How to braze- part 2

Welcome to our series on how to braze!  We have put together a tutorial on how to braze and broken it up into 4 parts.  We will be adding a new post every few days so be sure to check in and visit us often so you can take advantage of this valuable information.  In part 1 of this series we discussed saw plate and how to prepare the saw plate for brazing.  In part 2 of this series we will be discussing how Brazing flux affects the brazing process.

 When brazing carbide tips you will need:

  • Braze Alloy or silver solder
  • Brazing Flux
  • Carbide tips
  • Steel saw plate
  • Also, you will need a tool to heat the braze alloy
  • And you will also need a tool to help guide the carbide tip onto the saw plate. 

*For successful brazing the quality of the materials used is very important and can have a significant effect on reducing the amount of tip loss and breakage you experience.  We proudly sell what we believe to be some of the best brazing flux, Braze alloy, and Carbide Tips in the industry.

Part 2-  Brazing Flux

Choosing a good brazing flux:

There are three types of brazing flux: White Flux, Black Flux And Purified Black Flux. 

 White Flux is potassium salts of boron and fluorine.  It has some cleaning effect to remove oils and greases. It has some ability to remove existing oxides. Do not count on either one of those. Start with a clean saw plate that is oxide free. Flux, any flux, is designed to keep oxygen away from the braze alloy so that the braze alloy melts and flows instead of burning up.

black flux

Black Flux is white flux with extra boron added. Black flux is clearly superior to white flux for brazing carbide saw tips to saws.  The simple switch from white flux to black flux can prevent or entirely eliminate tip loss and breakage.

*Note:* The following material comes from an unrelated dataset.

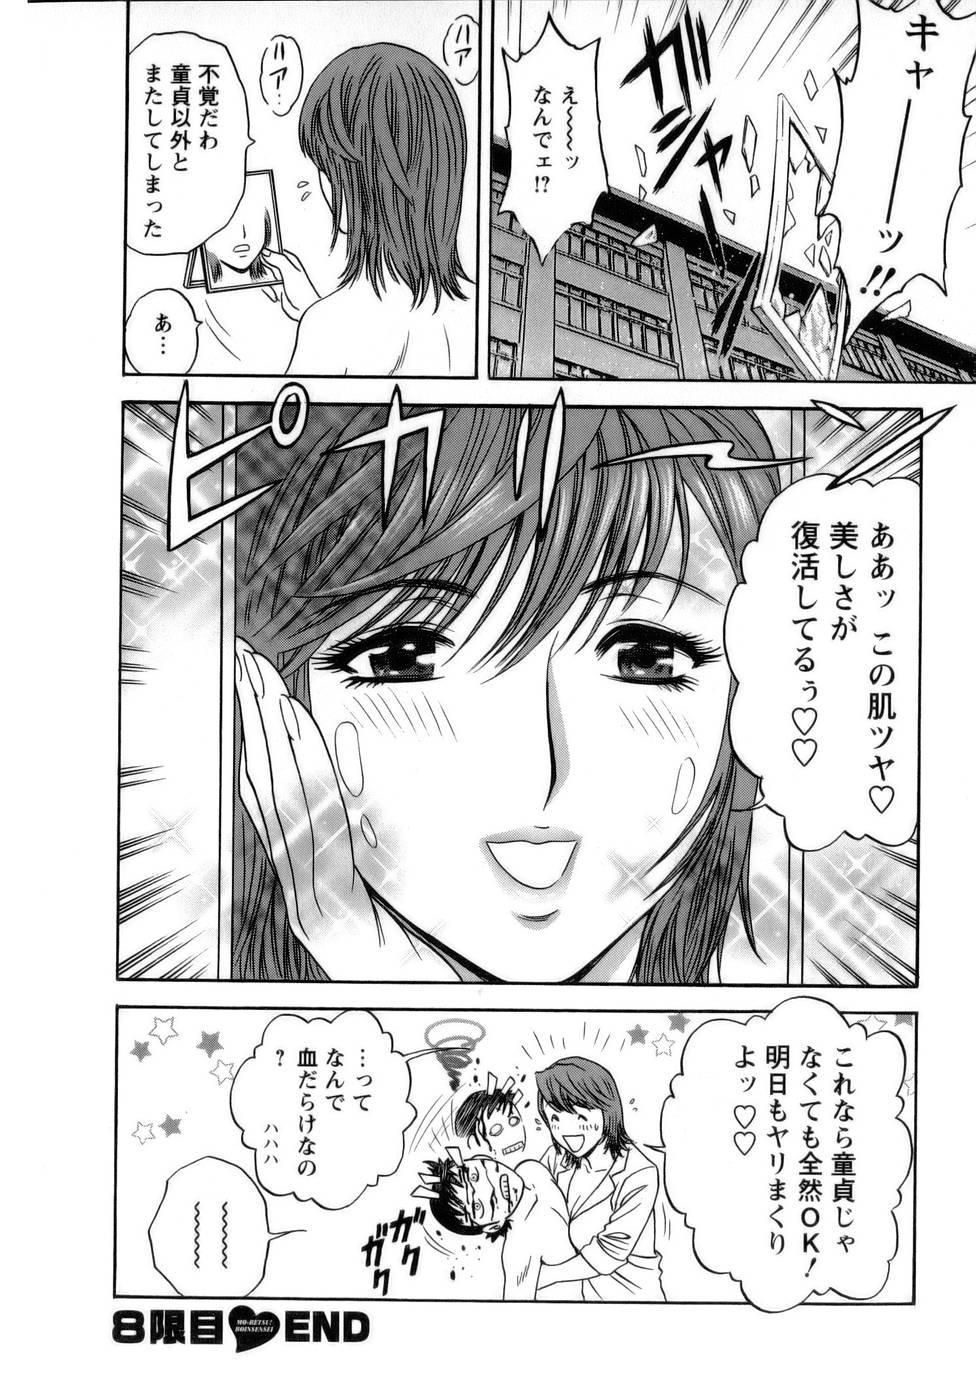 [Hidemaru] Mo-Retsu! Boin Sensei (Boing Boing Teacher) Vol.1 171

Purified Black Flux is exactly what the name says.  It is black flux that has gone through a separate, final, cleaning, filtering process.  Ordinary black flux has some impurities and inert elements in it to keep the cost down. This is just fine if it is used entirely outside of the braze joint. In the case of brazing carbide saw tips to saw blades you also have flux between the braze alloy and the steel.  If you are using ordinary black flux you will have these inert elements trapped in the joint.  Purified black flux will create a more even braze joint that is typically 20 to 30% stronger than a braze joint created with ordinary black flux. 

Flux -Applying Flux

The notches and both sides of the shoulders should have a layer of flux painted on them. It is very important that you get the whole shoulder of the saw plate as the flux helps protect the shoulder from the heat to a certain extent. The main purpose of the flux is to prevent the alloys in the steel from oxidizing.  Many saw plates have nickel and chromium in the steel. If flux is not applied to the saw plate these alloying elements can be turned into nickel oxides and chromium oxides or chromium carbides and thus affect the strength of the steel.  If you see color on your saw plate after brazing then you need to flux to prevent that coloration.